# Christchurch



## Wammie (Sep 28, 2015)

At advice welcomed....

Hubby has been offered a job in Christchurch and am wondering what areas you would recommend with affordable housing (450k) and good schools etc. also, is a good place to live after the quakes?? Sorry if this had been asked a thousand times. Thanks in advance for any advice xx


----------



## Kimbella (Jul 4, 2013)

I live in the Opawa/Murray Aynsley area and absolutely love it. Right across the river is St Martins, then Beckenham, Somerfield, and Cashmere. All my preferred areas; home prices vary. $450 is only a modest budget in town right now. Other areas worth considering: Sydenham, Riccarton, Merivale and Fendalton, Ilam, parts of St Alban, Papanui.

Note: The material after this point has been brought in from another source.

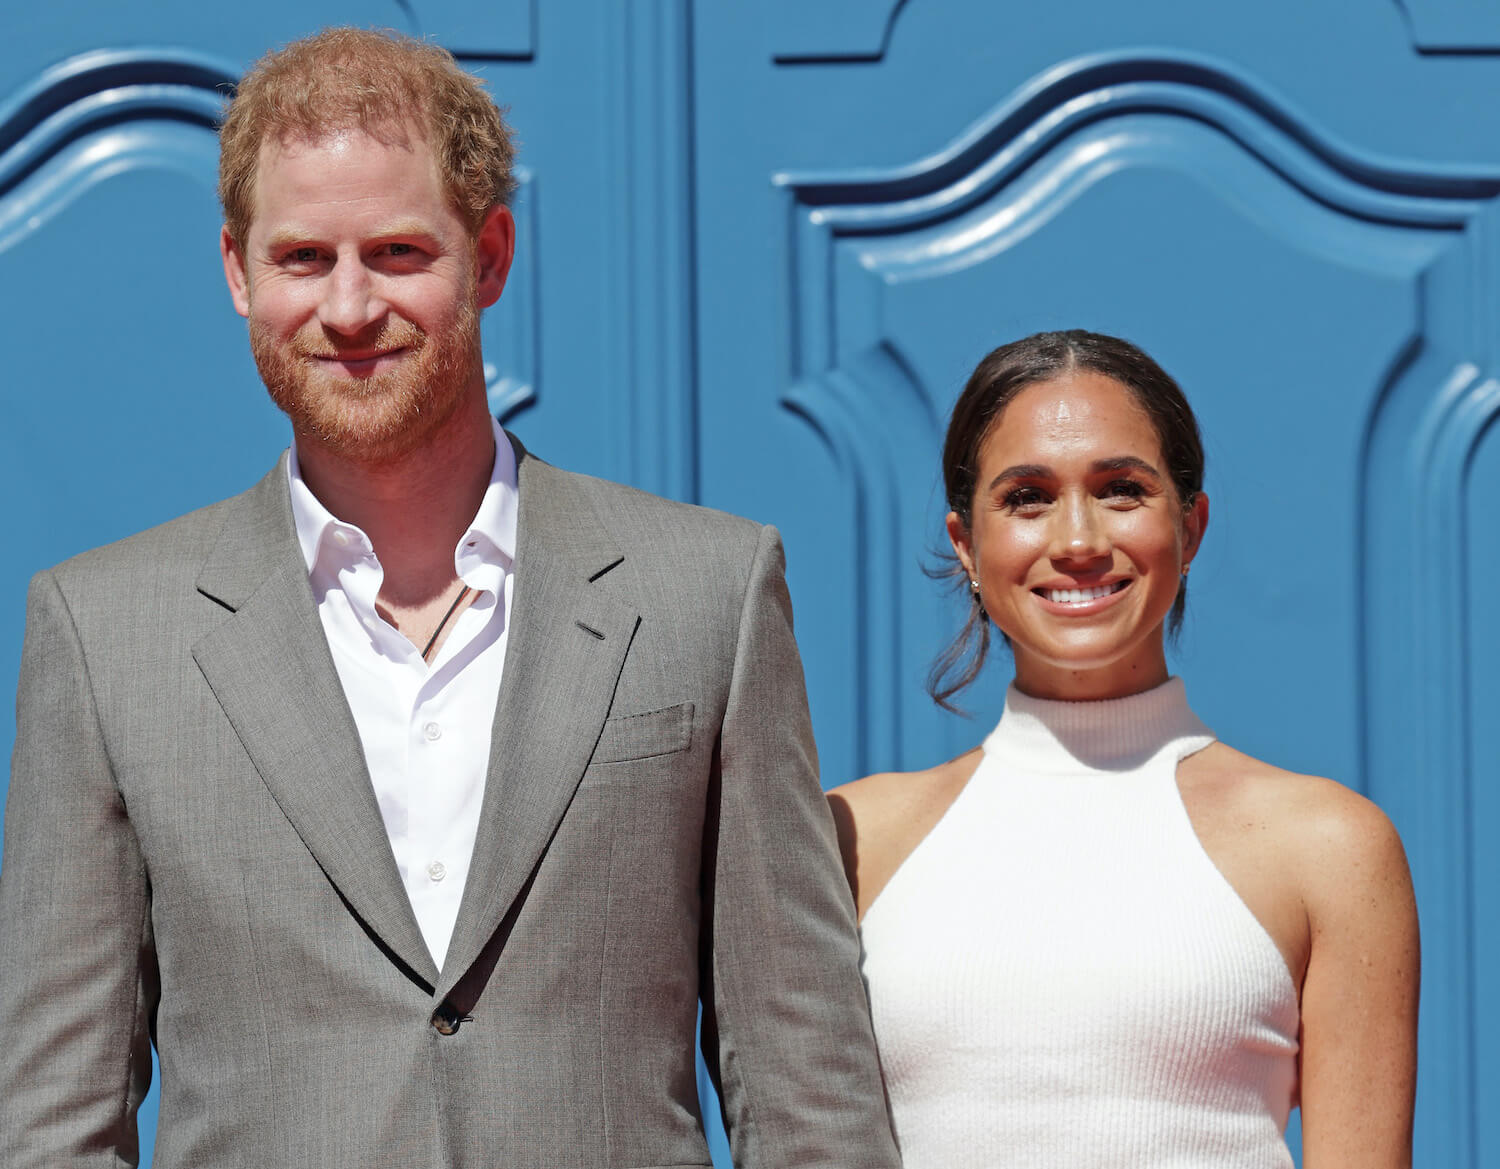 Prince Harry and Meghan Markle smile while standing in front of a blue door, Meghan wearing a white top and Harry wearing a white shirt and jacket

How it is to live really depends on what you are coming from. I came from a medium sized city in California, and find the city beautiful, but boring in terms of cultural events, or things to do inside to kill time. There is plenty to do outdoors: biking, walking, hiking, fishing, boating, etc., but when the weather is bad, there just isn't a whole lot of variety (to me). But, that is coming from someone who moved from an American metropolitan area, if you are moving from a smaller, more laid-back lifestyle, you might not notice, or might even find it more exciting than where you left. Spring and summer are the best months for me, decent weather which means being outside as much as possible.


----------